Глядя на неподвижные, темные физиономии, Харрис почувствовал, что все его существо затопил леденящий ужас. Он снова сел, сгорая от стыда за свою глупую детскую выходку, а из-под белых змеиных пальцев брата Шлимана, как отравленное вино из древнего фиала, все лилась и лилась музыка.

И вместе со всеми остальными Харрис пил ее.

Когда Шлиман кончил играть, все зааплодировали и разом заговорили; братья смеялись, пересаживались, хвалили игру пианиста — словом, вели себя так, будто ничего особенного не произошло. Все они снова обрели свой нормальный облик, столпились вокруг гостя, и Харрис, кое-как включившись в общий разговор, даже нашел силы поблагодарить замечательного исполнителя, старательно убеждая себя в том, что стал жертвой странной галлюцинации.

Все это время, однако, он все ближе подбирался к двери и наконец решительно заявил:

— Я должен тысячу раз поблагодарить всех вас за теплый прием и за доставленное мне удовольствие, а также за ту высокую честь, которую вы мне оказали. Но я слишком долго злоупотреблял вашим гостеприимством. К тому же мне предстоит еще долгий путь, прежде чем я доберусь до гостиницы.

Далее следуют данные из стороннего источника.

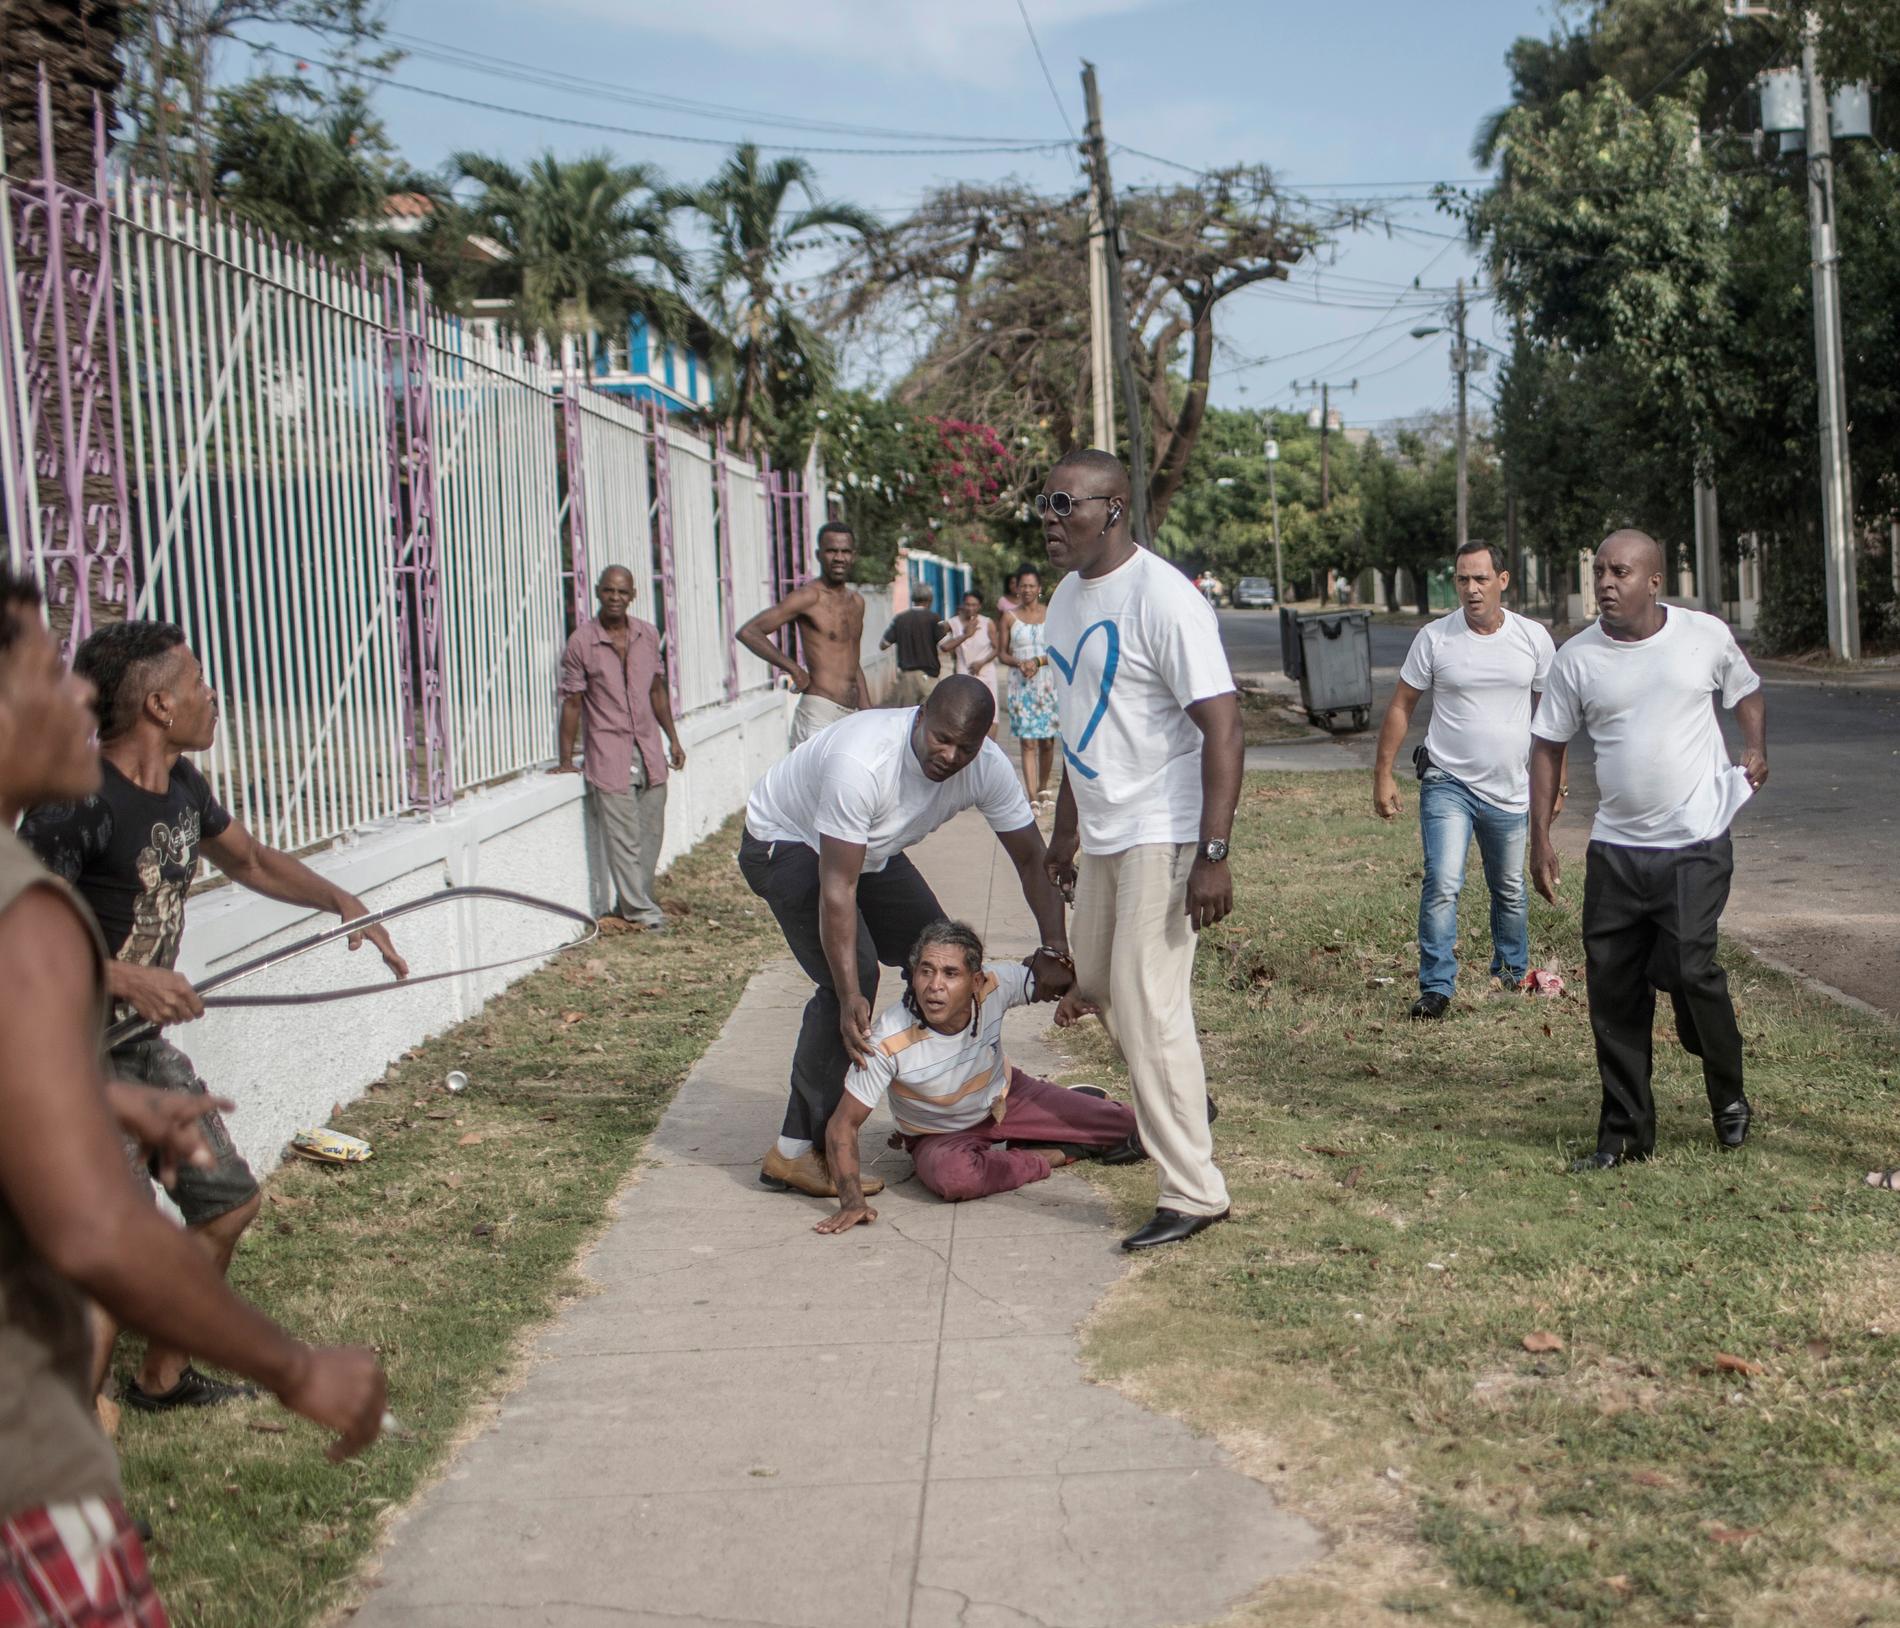 Årets fotograf 2017, Magnus Wennman. Samtidigt som Barack Obama anländer till Kuba slår civilklädda säkerhetspoliser till mot en grupp män som demonstrerar på gatan. Blixtsnabbt förs en av demonstranterna in i en väntande bil och körs iväg.

Братья запротестовали хором: они и слышать не хотят о том, что он может уйти, — уж по крайней мере он поужинает вместе с ними! Из буфета достали колбасу. Сварили еще кофе, закурили новые сигары. Брат Майер вынул свою скрипку и начал ее настраивать.

— Если герр Харрис пожелает заночевать, — сказал кто-то, — наверху есть свободная кровать.

— К тому же и выйти отсюда не так-то просто — все двери заперты, — рассмеялся другой.

— Надо пользоваться простыми радостями жизни, — воскликнул третий. — Брат Харрис, конечно же, поймет, как высоко мы оцениваем его визит — последний визит.

Они все отговаривали его и при этом смеялись, будто вежливость была лишь уловкой, а слова — тонкой, очень тонкой завесой, скрывающей их истинное значение.

— Уж близится полночь, — с чарующей улыбкой, но голосом отвратительным, как скрип ржавых петель, сказал брат Калькман.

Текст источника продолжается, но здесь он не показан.